Perhaps most concerning of all are the plans to erect a 35 metre high oil rig, which will stand at twice the height of Leith Tower, making it one of the highest points in the area. Not only will the rig require an aircraft warning light due to its height, it will also be fully illuminated at night, with the surrounding compound being floodlit for security and safety measures. This is very likely to cause havoc for the number of owl and bat species who rely on the natural darkness of the area to carry out their nocturnal hunts. Such a disturbance could drive these creatures away. Not only would that be a great shame for the area, but could also have implications upon the local ecosystem.

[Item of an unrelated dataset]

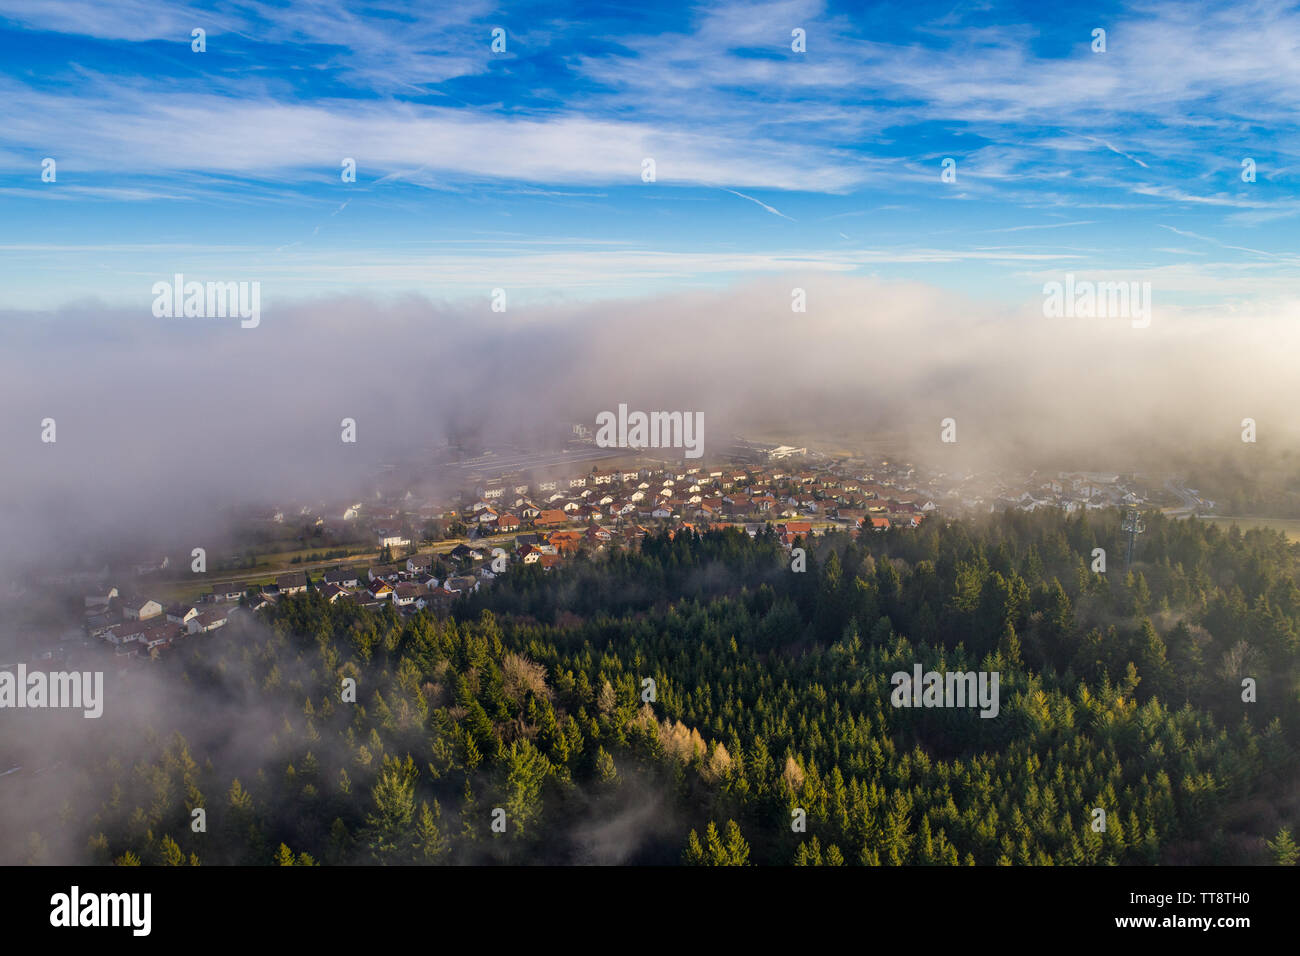 Aerial view out of the clouds Stock Photo

With so much at stake you have to wonder, how and why can this project be allowed to continue? The answer, as always, is money. Prior to Leith Hill being selected by Europa Oil and Gas, five other sites were also assessed yet deemed unsuitable. The reasons given by Europa for not choosing either of these alternative sites were wide ranging but in some cases included highway capacity issues and historical and ecological importance. As it transpires, all the reasons given for not selecting the other sites also apply to the site at Leith Hill. The only difference being an existing track-way of compacted hard-standing at Leith Hill which will reduce primary set-up costs for Europa. It seems the historical and ecological importance is secondary to Europa’s bottom line.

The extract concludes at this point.